Okta Setup for SAML-SSO

Okta is a third-party identity provider, offering single sign-on (SSO) authentication and identity validation services for a large number of Software-as-a-Service providers. PrivaceraCloud works with Okta's SAML (Security Assertion Markup Language) interface to provide an SSO / Okta login authentication to the PrivaceraCloud portal. See Activate SSO - Connect via SAML to an Identity Provider.

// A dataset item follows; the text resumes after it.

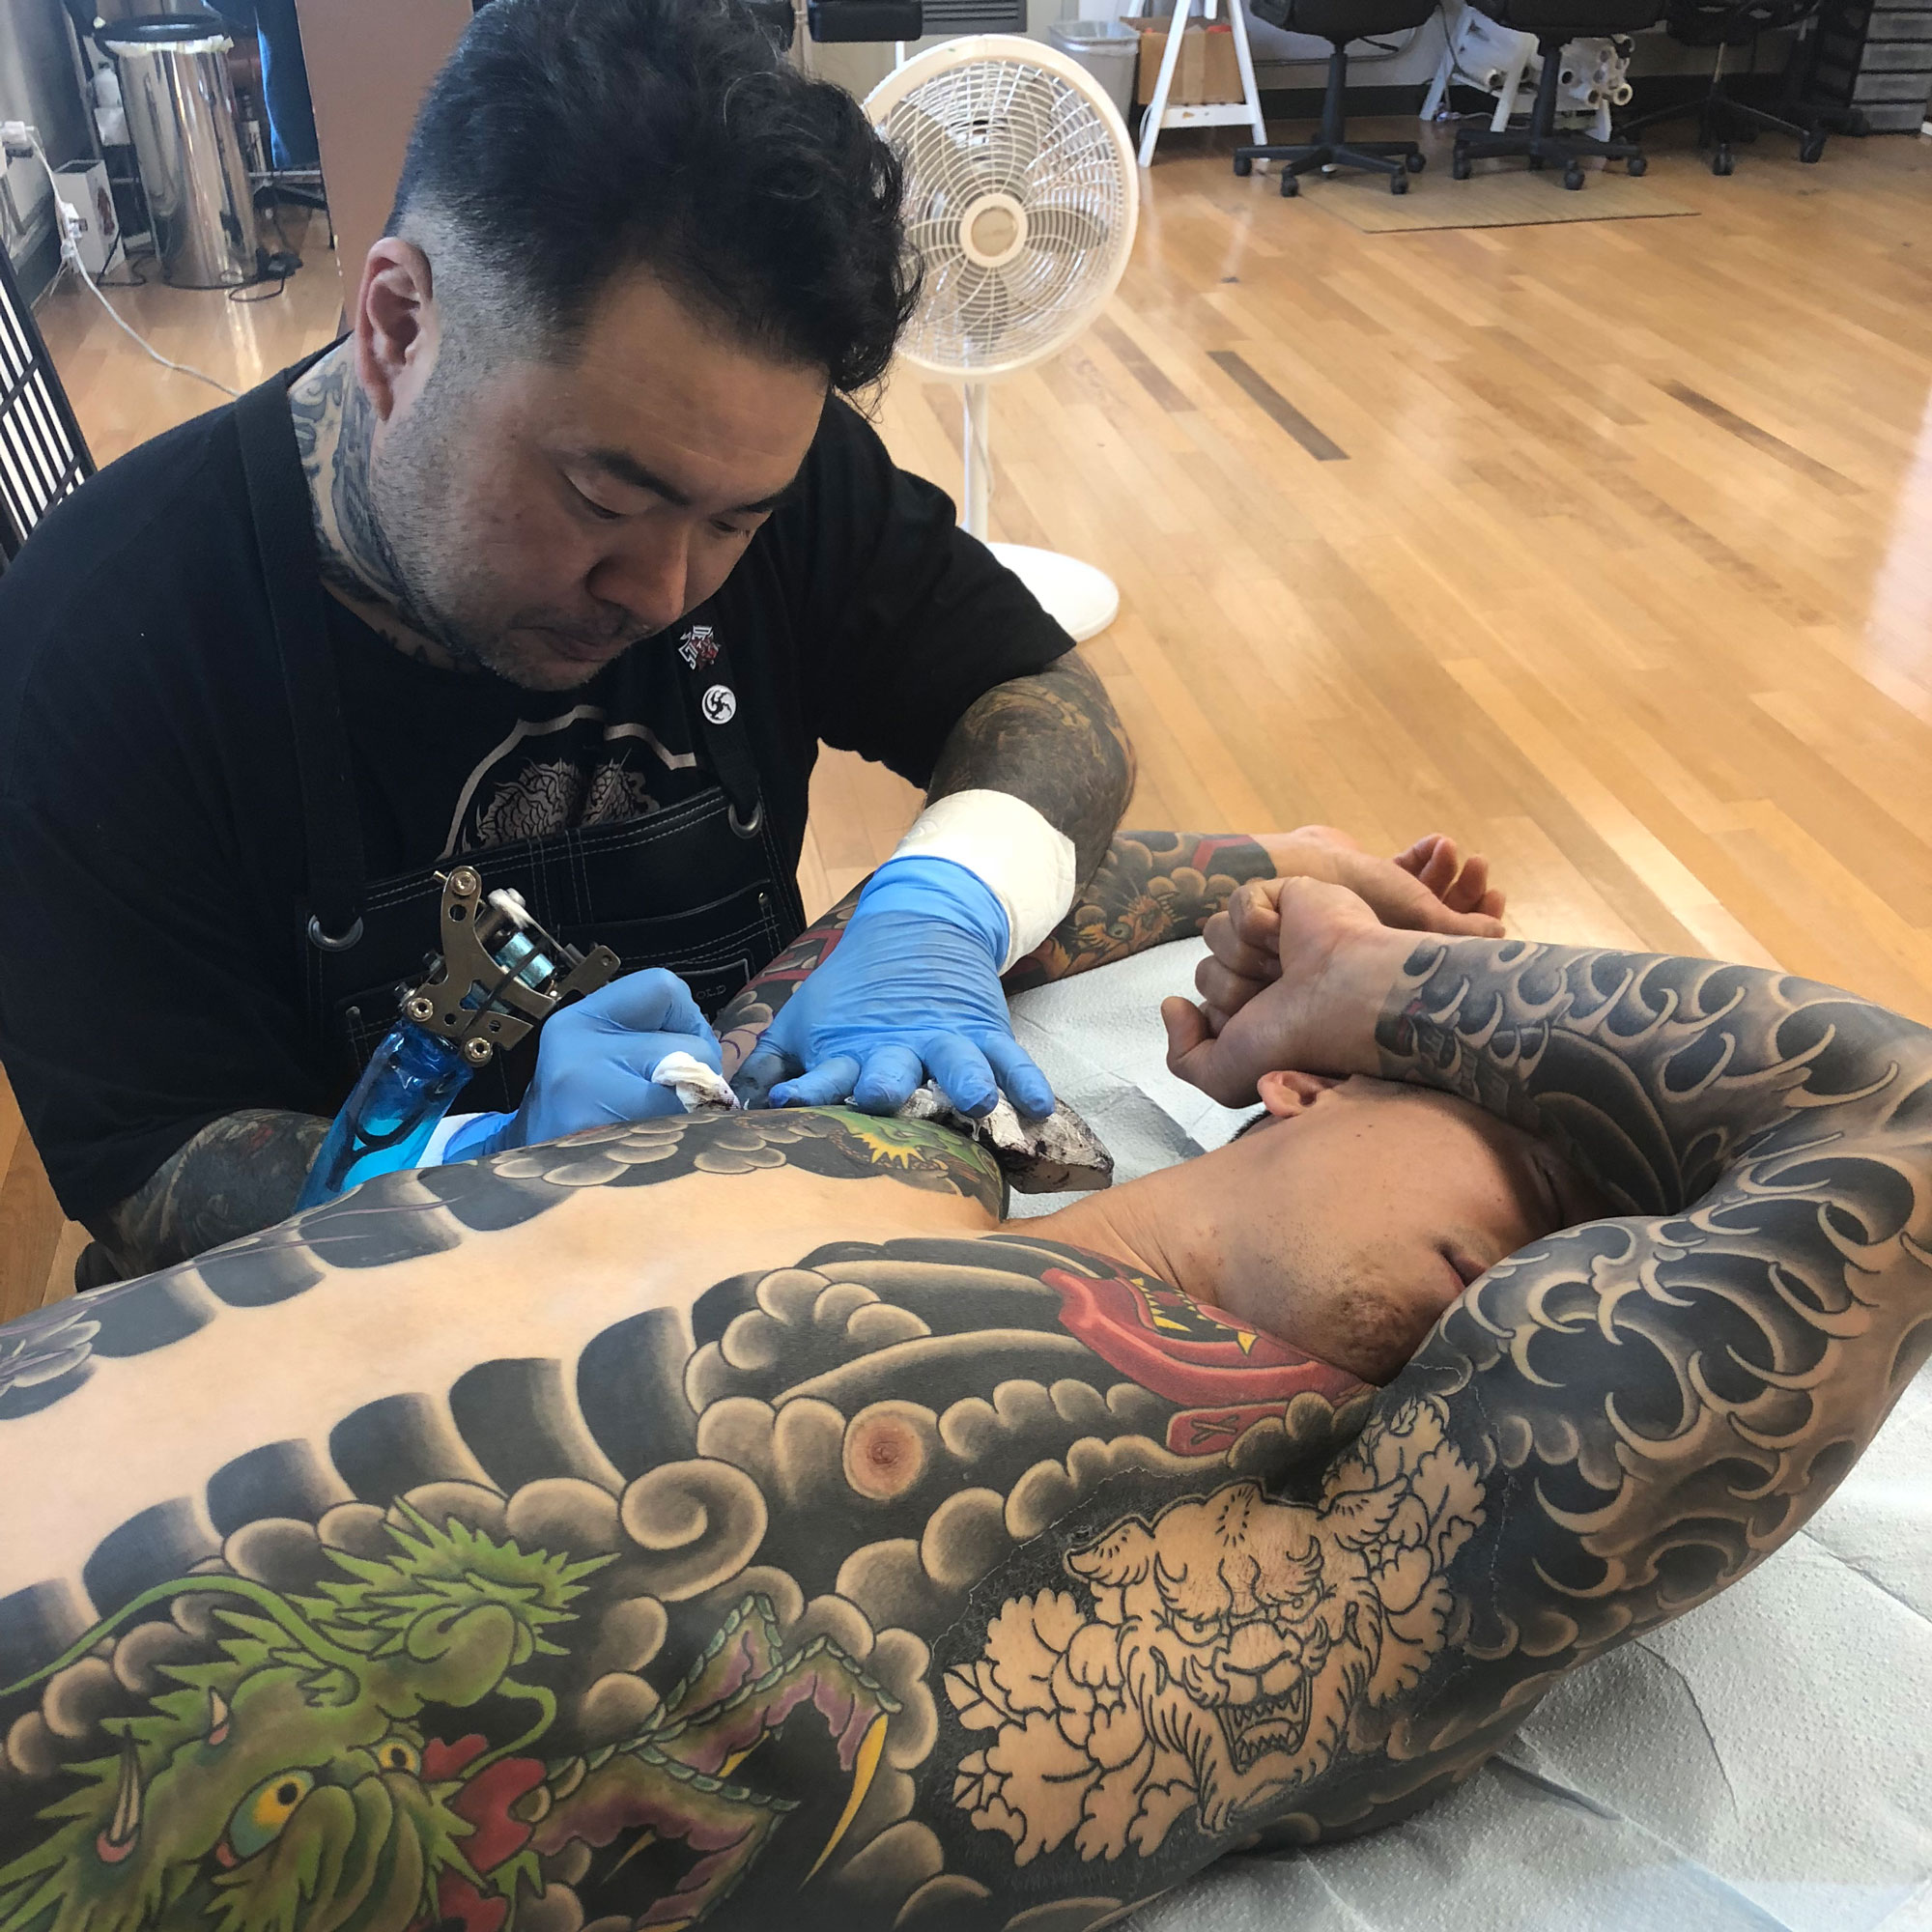 Takahiro Kitamura at work on a tattoo

Integration with Okta begins with configuration steps in the Okta administrator console. These steps also generate a PrivaceraCloud account-specific identity_provider_metadata.xml file and an Identity Provider URL that are used in the PrivaceraCloud Okta/SSO configuration steps.

Note

To use Okta SSO with PrivaceraCloud, you must have already established an Okta SSO service account, as the following steps require Okta SSO administrative login credentials.

Generate an Okta Identity Provider Metadata File and URL#

  1. Log in to your Okta account as the Okta SSO account administrator.

  2. Select Applications from the left navigation panel, then click Applications subcategory.

    1. From the Applications page, click Create App Integration.

      Note

      In additon to creating new applications you can also edit existing apps with new configuration values.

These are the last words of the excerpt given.